The invention is directed to a data exchange system, including a plurality of user terminals using a secret cipher.
The protection of data is playing an increasingly important part in modern data processing and communications systems. The quality of a system with respect to an adequate data protection is critically dependent upon the degree to which one succeeds in making access to the system possible only for authorized persons and, conversely, keeping unauthorized persons locked out with absolute certainty. A simple although not absolutely certain possibility for checking the access authorization to a system is, for example, to use passwords that are only known to the authorized user and that the user can change as often as he desires. Since there is the risk given passwords that unauthorized persons will find them out or hear them, additional protection measures are indispensible. One of these measures, for example, is the encoding and decoding of the transmitted information, a measure that is realizable in data processing systems, among other things, with the assistance of a chip card. With the increasing involvement of the chip card in data processing systems, however, an additional security risk again arises because chip cards can be relatively easily lost. Care must therefore be absolutely exercised to see that the chip card is protected against potential misuse in all instances when lost. The chip card is therefore designed such that the data stored in a protected chip card can only be accessed when the user previously inputs an identifier that is only stored in the chip card, for example, a personal identification number, referred to as a PIN.

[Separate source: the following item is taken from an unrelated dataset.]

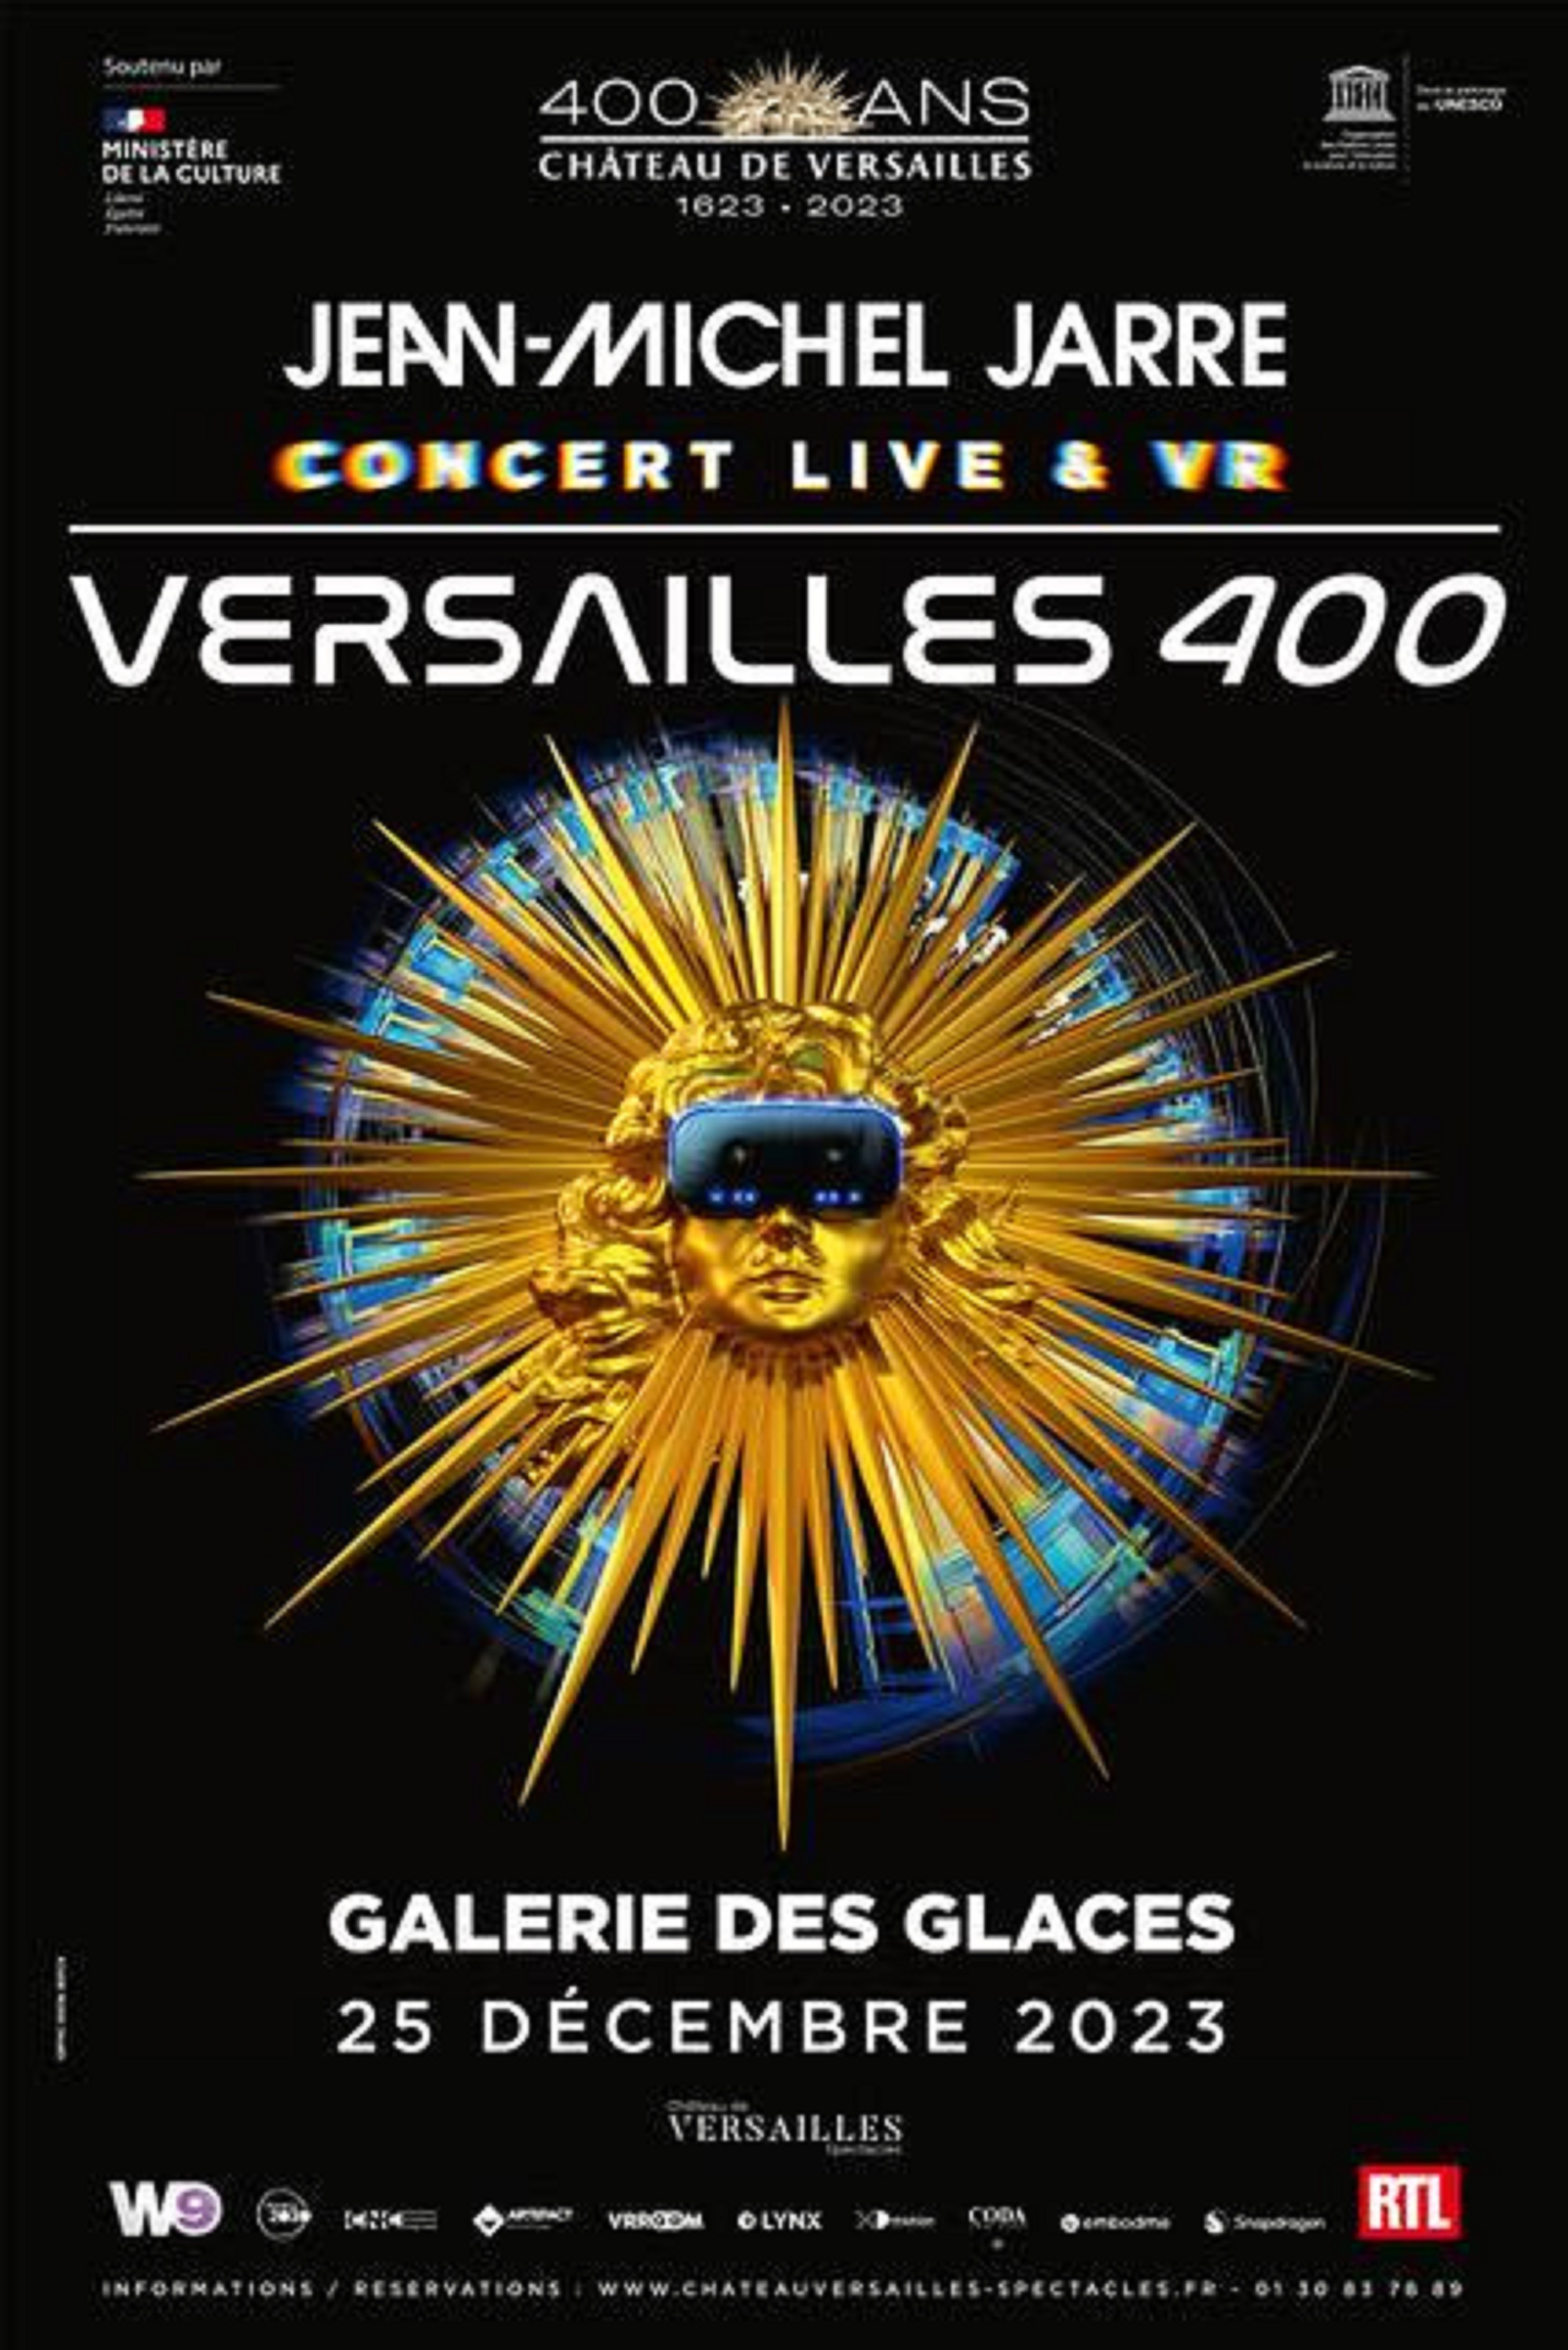 Versailles 400: An Innovative Mixed-Reality Concert By Jean-Michel Jarre At The Château De Versailles On Christmas Day - December 25, 2023

A further security barrier can be erected with the assistance of the authentication of the chip card to the system. This authentication prevents an arbitrary subscriber from being authorized to access secret information in the system. A critical precondition for the authentication is a personal feature of the subscriber that cannot be copied. This non-copyable feature of the subscriber is achieved with the assistance of a secret cipher for the encoding and decoding that is known to the two partners, i.e., to the chip card on the one hand and to the system on the other hand, being known, namely, only to these two partners.
In a POS banking system on a chip card basis, it is assumed, for example, that secret data in the cashier terminal are stored in a separate security module, for example, in what is referred to as a security chip card. Given the employment of a symmetrical encoding algorithm, the same, secret terminal cipher must exist in all terminals. This cipher is required in order to calculate a common communication cipher from the card identification number of a customer card. The existence of a universal, secret cipher in the security module or, respectively, in the security chip card of every POS terminal of an overall system, however, is an extremely critical point and, so to speak, the vulnerable location of the system. A number of protective measures have therefore already been considered that make it more difficult to obtain knowledge of a secret, global cipher. According to a first protective measure, a single secret, global cipher K is replaced by a series of n different global ciphers Kl, Kn and, correspondingly, there are different terminal types. Should this cipher potentially become known, thus, the entire system is not jeopardized. However, a customer card must also contain n different ciphers KKl, ..., KKn of which respectively only one is valid at a specific terminal. A second protective measure likewise provides a plurality of ciphers Kl, ..., Kn that are cyclically changed at certain time intervals. For example, a plurality of terminal ciphers Klp, ..., Knp are valid in a certain time phase p. The appertaining customer ciphers KKlp, ..., KKnp, of course, must then be present in a customer chip card.